**What to work on**:
Please give back each line of the material unchanged, but without the images.

**Data below**:
-*-*-
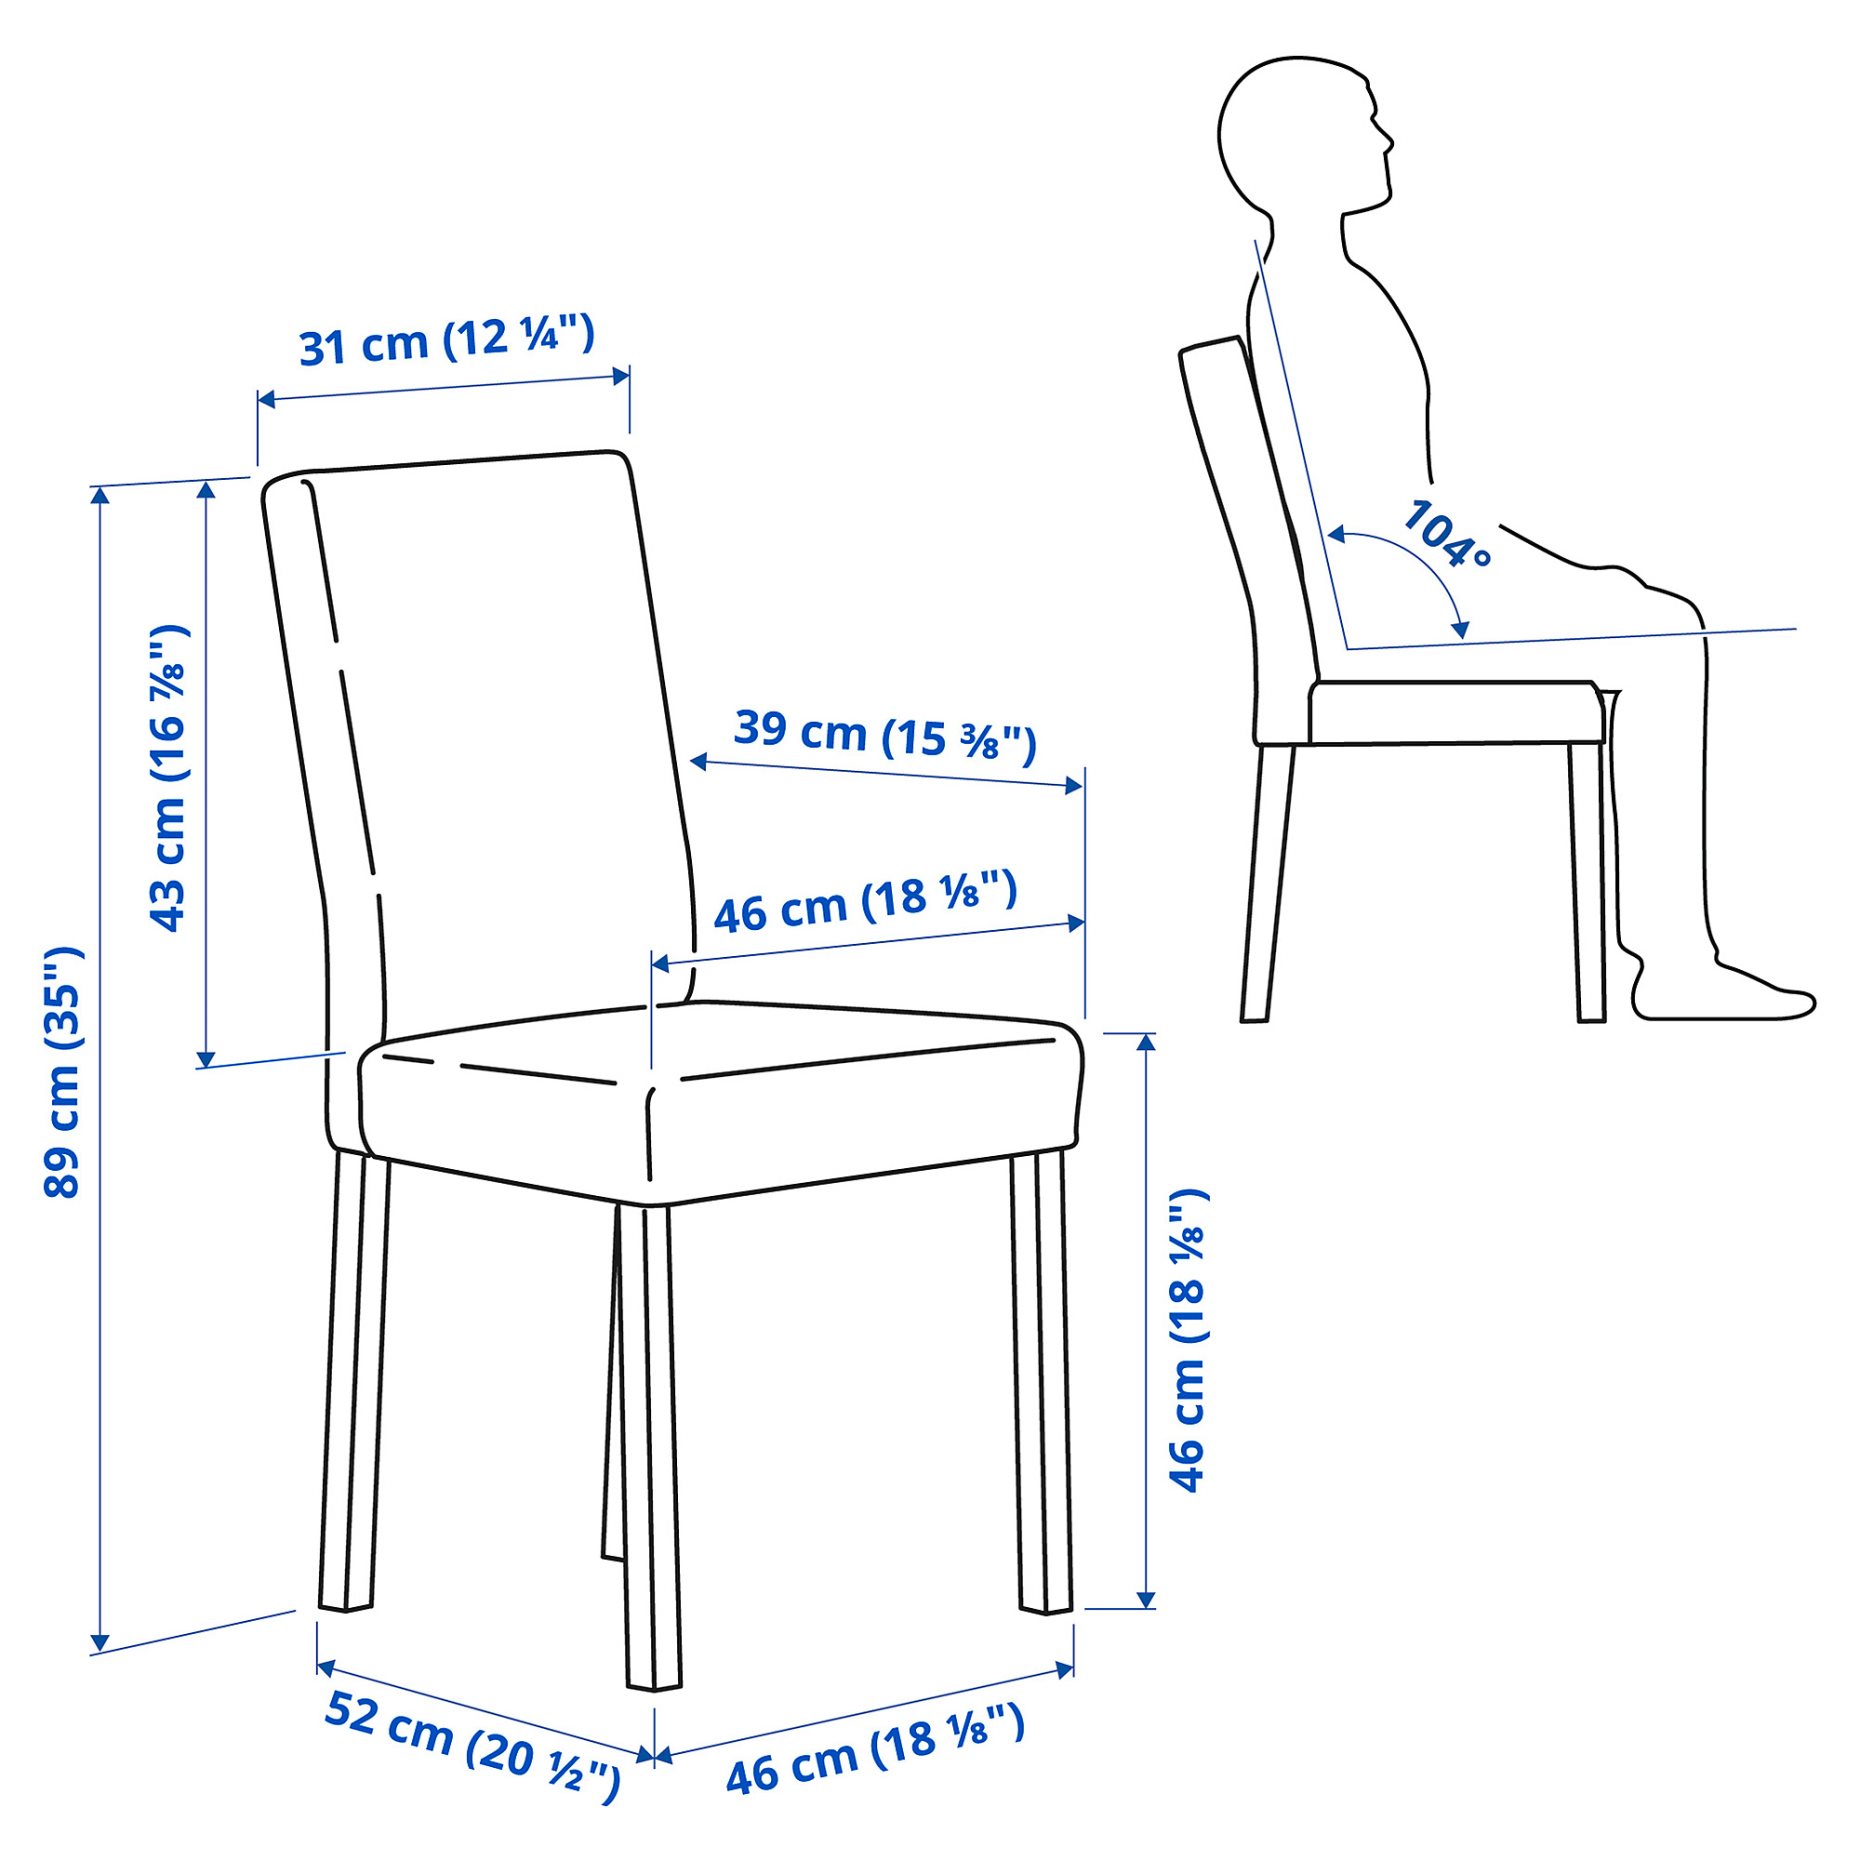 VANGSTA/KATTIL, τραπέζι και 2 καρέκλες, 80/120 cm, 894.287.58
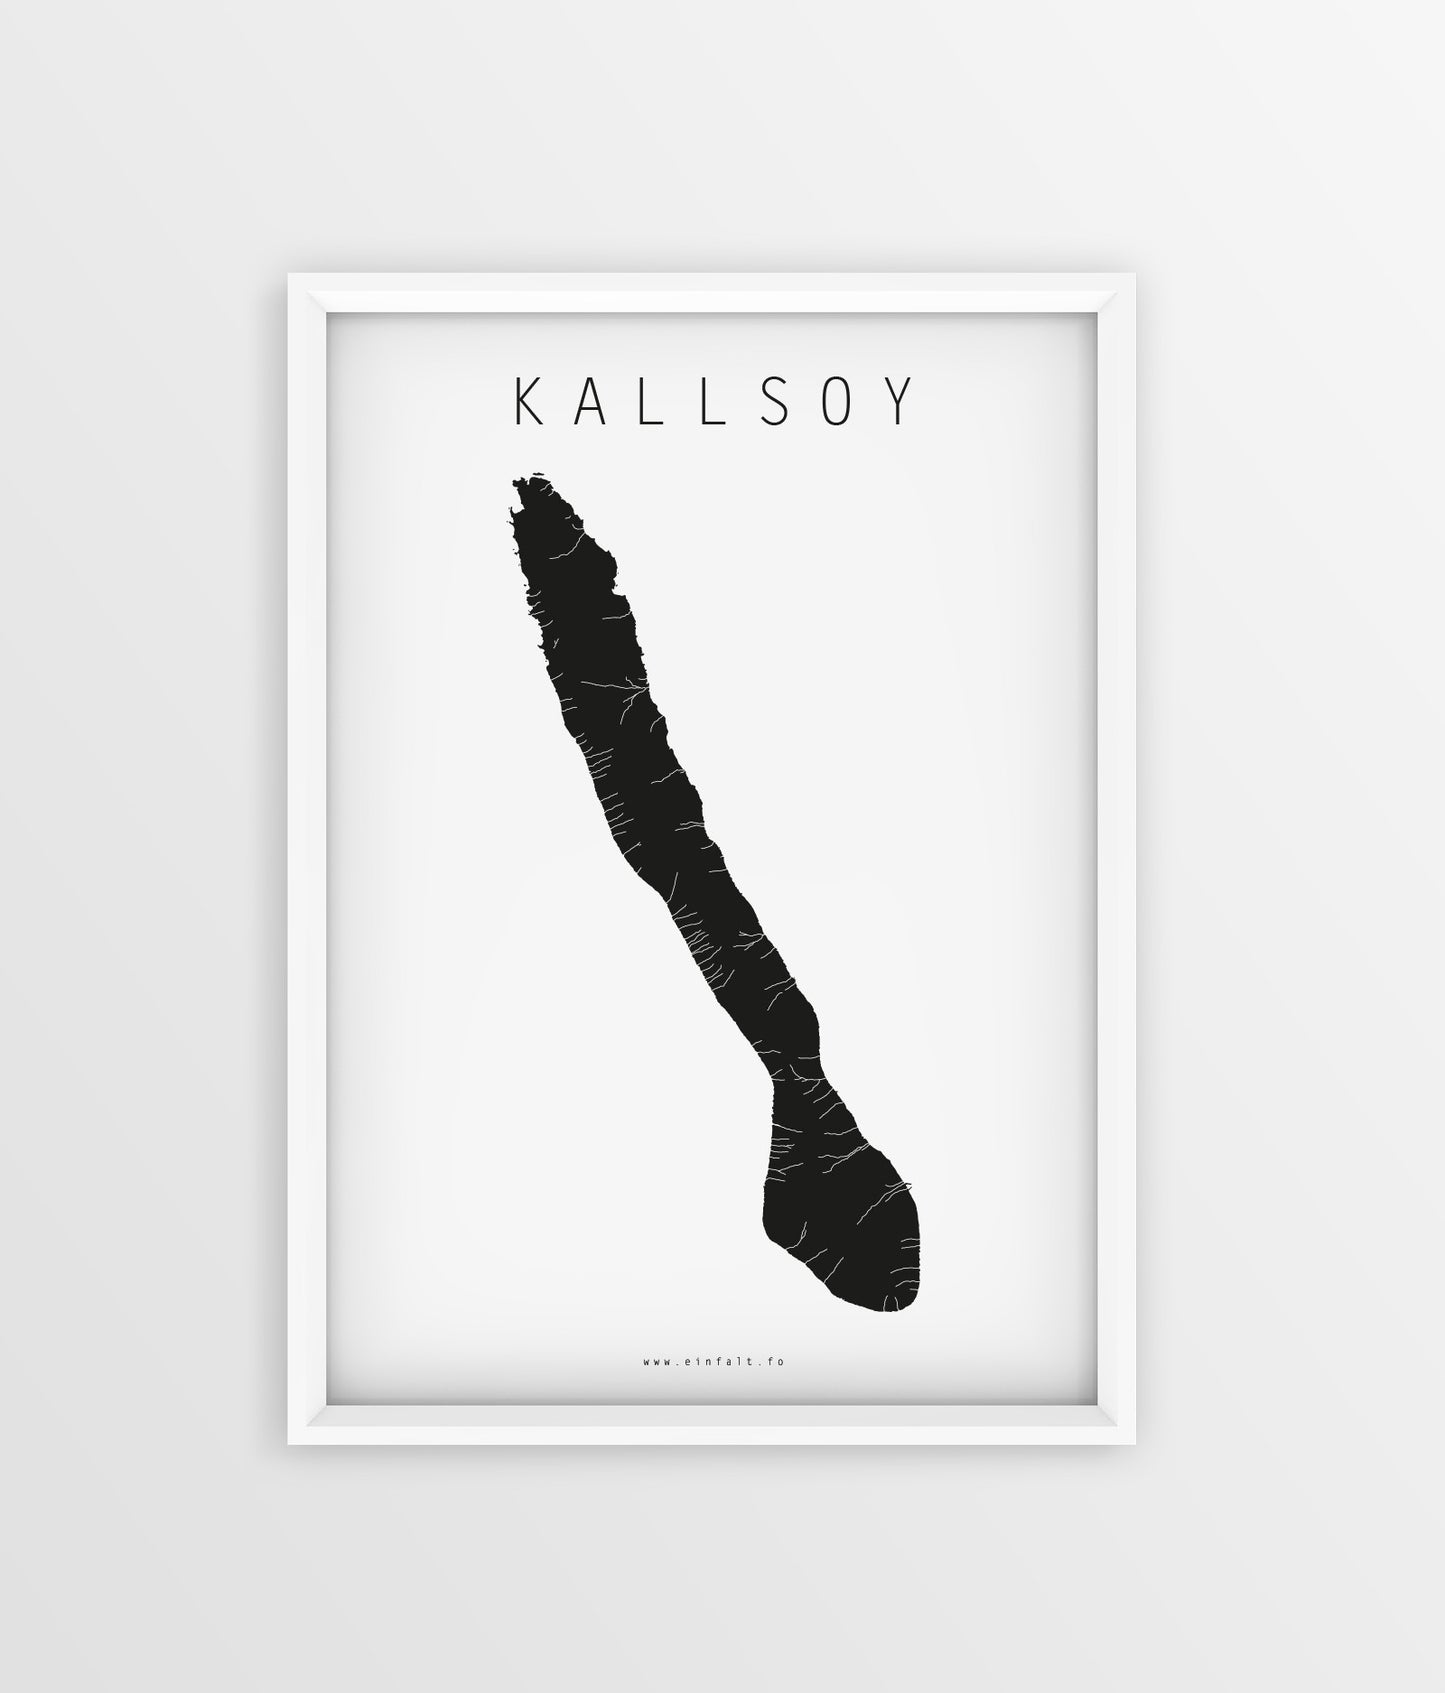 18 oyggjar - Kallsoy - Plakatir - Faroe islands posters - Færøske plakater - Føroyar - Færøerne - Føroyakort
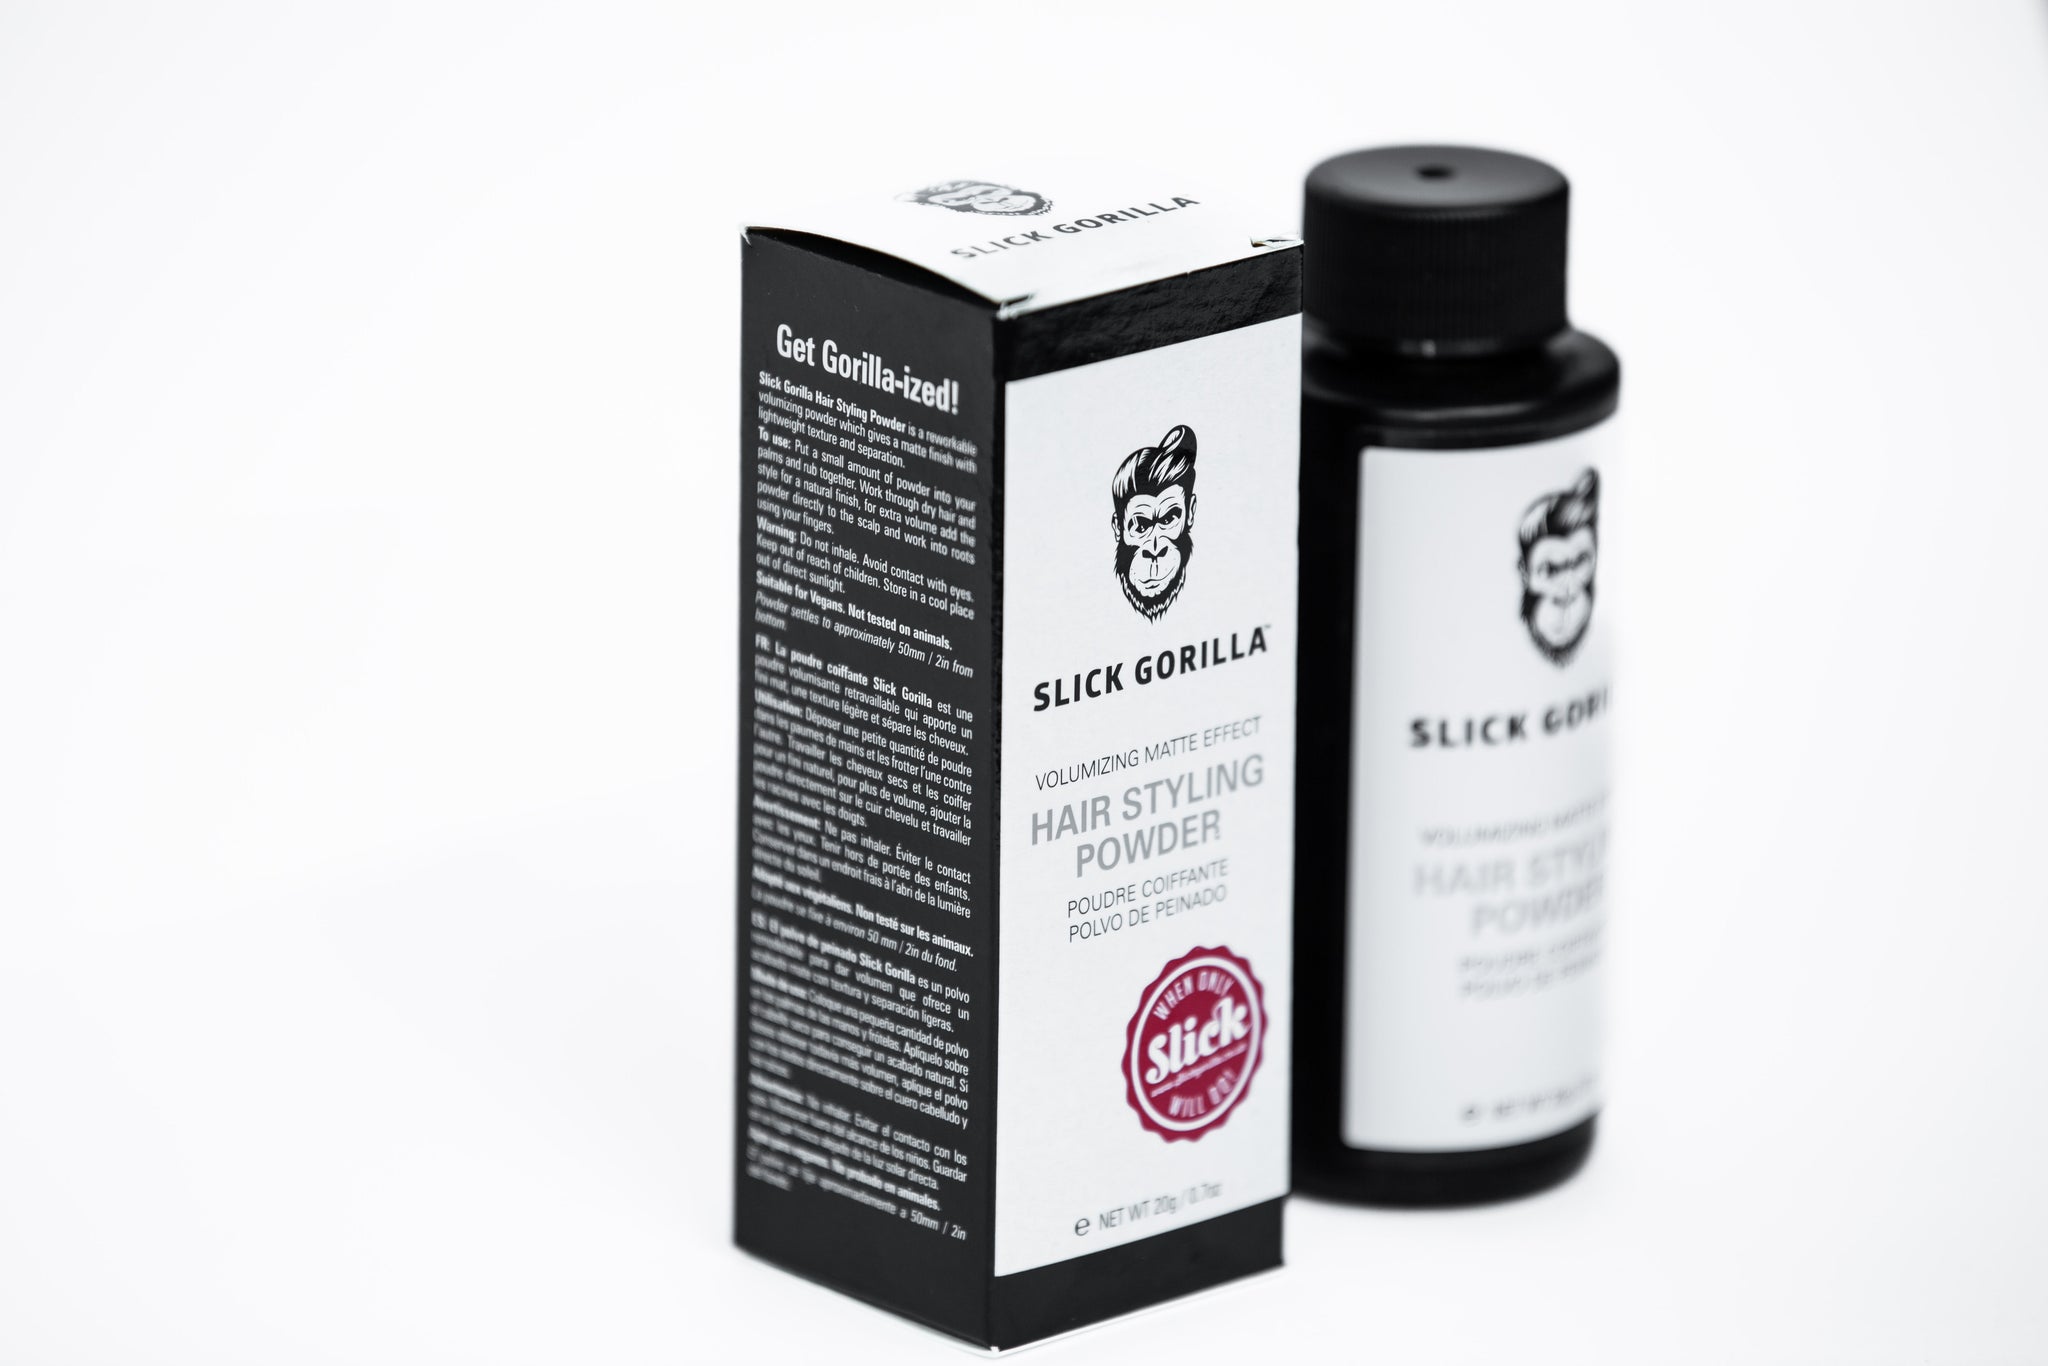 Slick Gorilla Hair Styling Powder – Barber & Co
-*-*-
**Solution to this exercise**:
 VANGSTA/KATTIL, τραπέζι και 2 καρέκλες, 80/120 cm, 894.287.58
 18 oyggjar - Kallsoy - Plakatir - Faroe islands posters - Færøske plakater - Føroyar - Færøerne - Føroyakort
 Slick Gorilla Hair Styling Powder – Barber & Co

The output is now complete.